Yes the salt eats everything no matter how often it's washed. I don't know how people can spend 30-40K on a vehicle and drive it in the snow, knowing it'll be a rusty mess in 10-15 years. Many people have two cars each, a good summer car and a winter beater. Wife has an '06 fusion that only gets driven in the summer and it's immaculate, but her daily driver '10 escape is rusting away. I bought my '98 in 2001, and foolishly drove it for a few winters when I was young and broke. Just those few winters was enough to do some serious damage.
The problem areas I've seen are:
Moisture gets into the torque boxes and eats the body mounts, which are not painted inside, just primer.
The floors under the roll bars are just primer as well. Water seeps under the roll bar mounts and eats the floor from the top down.
The rear cross member under the tail gate has huge factory holes on the bottom that lets water in to attack the rear body mounts.
Water collects in the bottom of the tub B pillars next to the roll bars and eats everything from the inside out. Floor/rocker/pillar.
The wheel wells of the front fenders have reinforcement plates that collect moisture and rot the top of the fenders.
Water will seep into the floor to rocker seams and rust.
There is no paint under the door or tailgate hinges.
The middle of the frame doesn't have drain holes, so it holds an inch of water and rots the frame from the inside out. The outside of the frame will look good, the inside is falling apart. Common areas are rear lca mounts and the center skid mountings.
Any hidden boxed section is not painted, just E coat or primer, with insufficient drain holes. If water gets in it'll rust.
Areas I found that are not too bad:
The large boxed A pillar section (behind the "jeep" stickers) had hardly any damage.
The firewall, cowling, grill and hood are ok.
Center floor areas, transmission tunnel, and the center tub reinforcement plate are ok.
Small boxed cross members under the bed were mostly ok.
The rear wheel well liners do a decent job of protecting all the seams and surfaces in the rear wheel wells.

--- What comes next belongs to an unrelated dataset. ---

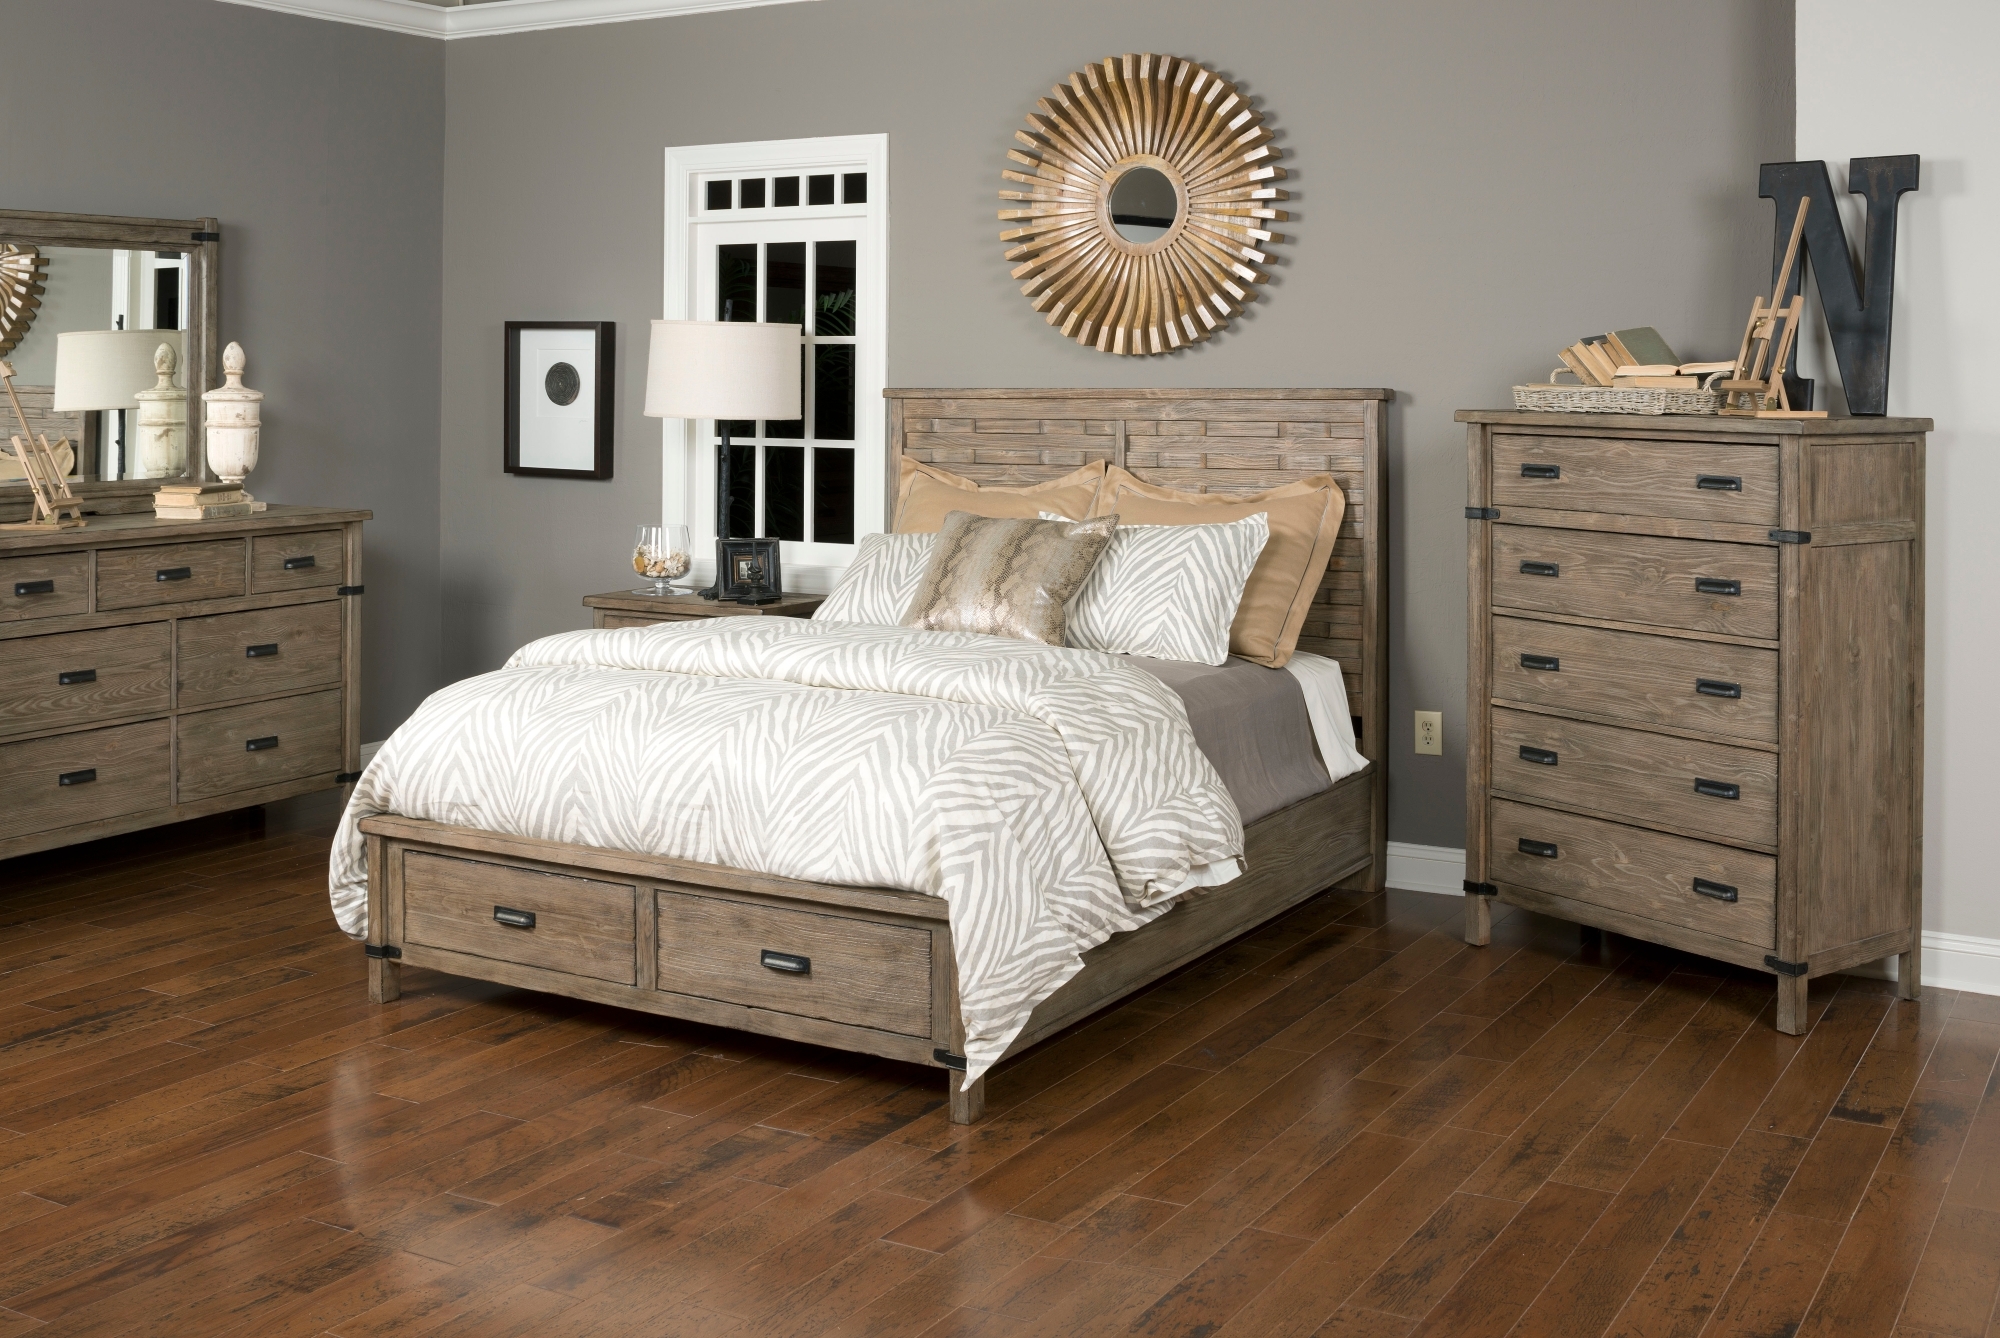 Kincaid Foundry Bedroom Collection

As far as restoring a vehicle, this is my second attempt. The first was an old VW that I did a ton of body work on and repainted. But when Daphne needed a new frame and rust work, I had to pick the better project and the VW just had too many issues so it went down the road. What I've learned so far is THE BODY IS EVERYTHING. I don't care if the motor is seized, the axles grenaded, the transmission junk, the suspension sagging: if the body is good and clean then most of the work is already done. Also, whatever budget you've figured it'll take you might as well double it for all the little things like tools, small parts, prep supplies, etc that you find you'll need along the way. Figure out how much space you will need to do all the repairs, and once you start taking things apart you find you need alot more space to get it all out of the way while you work. Time: oh boy, it seems even the littlest thing that you think will only take an hour or two to fix ends up eating up the entire day. Easily triple your time estimate. And age? I'm late 30's, and after a long day of crouching, twisting, crawling, bending and reaching to fix stuff, my back and shoulders and knees are done. I couldn't imagine trying to do this when I'm 60 or retired. So if you want to restore a vehicle, it's a long tunnel and for much of it there's no light at the end, and I can see why so many projects falter and quit halfway through, so know what you're getting yourself into before you start.